Regulatory Effects of Glucosinolates and/or Myrosinases on Arabidopsis Stomatal Apertures and GC K⁺_in Currents of Col and tgg1 Mutants in the Presence and Absence of ABA. (A) tgg1-1 and tgg1-3 mutants respond similarly to the wild type (Col) in ABA induction of stomatal closure. (B) tgg1-1 and tgg1-3 mutants are hyposensitive to ABA inhibition of stomatal opening. For (A) and (B), n = 3 experiments. At least 60 stomata were measured for each treatment per genotype per replicate. Data are mean ± se. P < 0.05 (Student's t test) was considered significant (*). (C) Typical GC whole-cell K⁺ current traces of Col and tgg1 mutants under control, 50 μM glucosinolate (G), and/or 0.2 unit/mL myrosinase (M) application to the GC cytosol, with or without 50 μM ABA. Current and time scales are as shown. (D) K⁺ current density (mean ± se) at −219 mV of GC whole-cell inward K⁺ currents. n = 14, 7, 6, 10, 7, and 6 for Col under control, ABA, G, G+M, M, and ABA+M treatments, respectively; n = 13, 10, 11, 6, 7, and 7 for tgg1-1 under control, ABA, G, G+M, M, and ABA+M treatments, respectively; n = 16, 8, 13, 8, 6, and 12 for tgg1-3 under control, ABA, G, G+M, M, and ABA+M treatments, respectively.

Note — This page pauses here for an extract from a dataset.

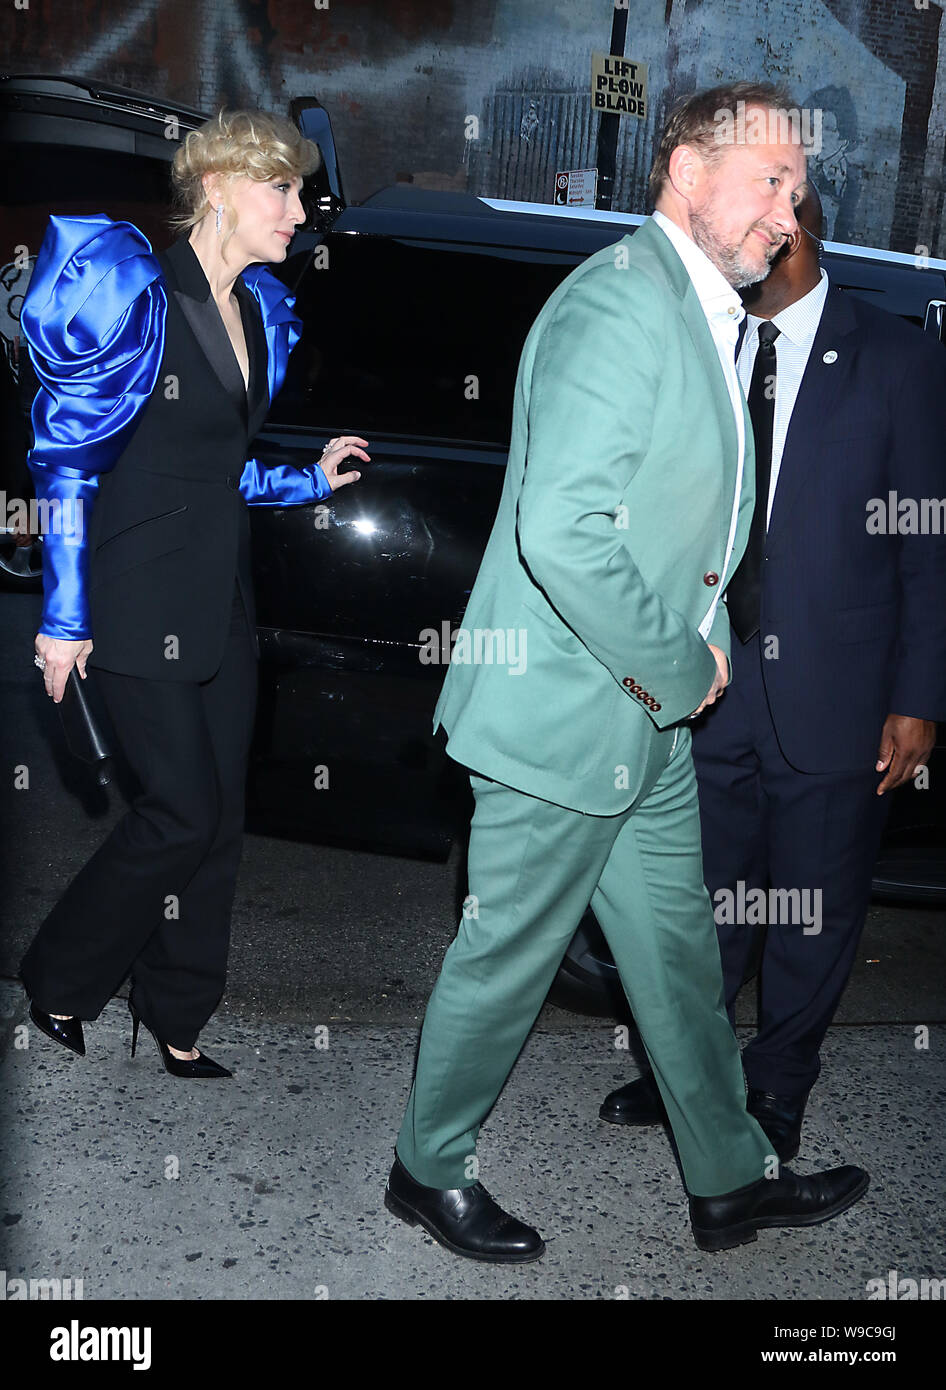 New York, NY, USA. 12th Aug, 2019. Cate Blanchrtt, Andrew Upton, attend UA screening of Where'd You Go Bernadette at the Metrograph in New York. August 12, 2019 Credit: RW/MediaPunch/Alamy Live News Stock Photo

P ≤ 0.01 (Student's t test) was considered significant (*) for (D).

Figure 4.

Speculative Model of Interactions between Glucosinolates, Myrosinase (TGG1), and K⁺ Channels in GC ABA Signaling. Left and right GCs indicate events before and after, respectively, activation of signaling pathways. Abiotic stresses increase ABA delivery to GCs. ABA either repartitions glucosinolates (G) from the vacuole to the cytosol (arrow 1) or enhances myrosinase (M) activity or substrate affinity (arrow 2). Inhibition of inward K⁺ channel (K⁺_in) activity might result from channel modification by the resultant hydrolyzed products of glucosinolates (e.g., isothiocyanates [ITC]), as in mammalian cells (arrow 3) or might result from decreased ROS scavenging (arrow 4) by ascorbate (Asc). Hydrolyzed products of glucosinolates may diffuse through the stomatal pore (shaded arrows) and thus deter biotic invaders. Reported biotic (wound) induced increases in ABA (Schmelz et al., 2003) may also provide positive feedback to the glucosinolate-myrosinase system.